ABIQUIU, N.M. (AP) — The Rio Chama begins at the edge of the Rocky Mountains and courses through rugged basalt hillsides and the red and yellow cliffs made famous by painter Georgia O'Keeffe. Here marked the start of New Mexico's centuries-old tradition of sharing water through irrigation systems known as acequias, and it's one of many spots in the arid West facing pressure as drought stretches into another decade and climate change piles on. Despite the acequias' resilience over the last 400 years, community leaders are looking for ways to improve the earthen canals and ensure the systems have access to water as supplies dwindle. Some say it's as much about water conservation as it is the preservation of culture.

  • VIRUS OUTBREAK-NEW MEXICO

SANTA FE, N.M. (AP) — The lawyer for two women who challenged New Mexico Gov. Michelle Lujan Grisham's order requiring COVID-19 vaccinations for certain workers is appealing a judge's denial of their request for an injunction blocking the mandate. Attorney A. Blair Dunn filed a notice of appeal with the 10th U.S. Circuit Court of Appeals on Tuesday. That was  a day after U.S. District Judge Martha Vazquez upheld Lujan Grisham's authority to impose a vaccine mandate in a public health order to curb the spread of the coronavirus. Dunn told the Santa Fe New Mexican that he believes his clients may prevail on appeal. 

  • BORDER-MIGRANT CAMP

DEL RIO, Texas (AP) — U.S. President Joe Biden's administration is nearing a final plan to expel many of the thousands of Haitian migrants who have suddenly crossed into a Texas border city from Mexico and to fly them back to their Caribbean homeland. Some migrants said they were undeterred and planned to remain and seek asylum. The action represents a swift response to the crisis, with the local sheriff estimating Friday that the crowd of migrants gathered at the crossing in Del Rio, Texas, had swelled to more than 14,500 people. The number of flights will depend on operational capacity and Haiti's willingness.

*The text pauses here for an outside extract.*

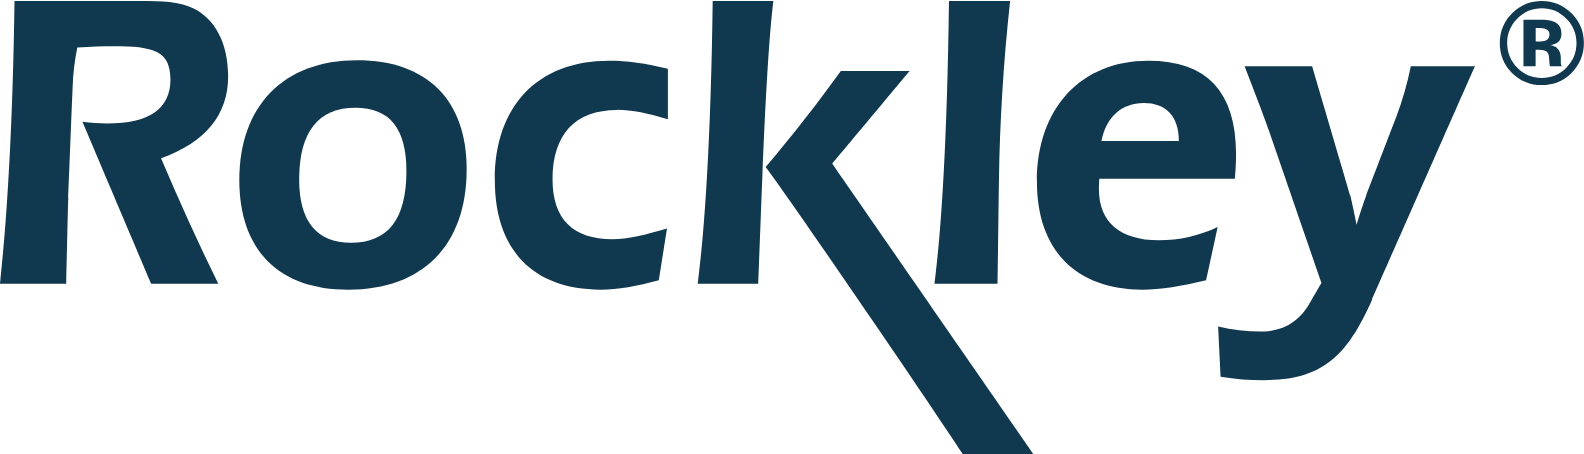 Rockley Photonics logo large (transparent PNG)

  • INTERIOR-LAND MANAGEMENT

WASHINGTON (AP) — Interior Secretary Deb Haaland is moving the headquarters of the Bureau of Land Management back to the nation's capital after two years in Colorado. Haaland is reversing a decision made by former President Donald Trump's administration. The bureau lost nearly 300 employees to retirement or resignation when its headquarters was relocated to Grand Junction, Colorado, in 2019. The agency has broad influence in the West, managing public lands for uses ranging from fossil fuel extraction, renewable power development and grazing, to recreation and wilderness. Haaland says the agency's current space in Grand Junction will become its western headquarters.

  • SPENT NUCLEAR FUEL

ALBUQUERQUE, N.M. (AP) — Top New Mexico leaders say they're open to almost anything that would prevent spent nuclear fuel and other high-level waste from being stored indefinitely in the state. That includes the consideration of legislation similar to a measure adopted by Texas last week to prevent the shipping and storage of such waste. The renewed criticism this week of planned storage facilities in West Texas and southeastern New Mexico comes as federal regulators just granted a license for the proposed operation in Texas. New Mexico officials already have submitted comments in opposition to both the multibillion-dollar proposal on their side of the state line and to the Texas project.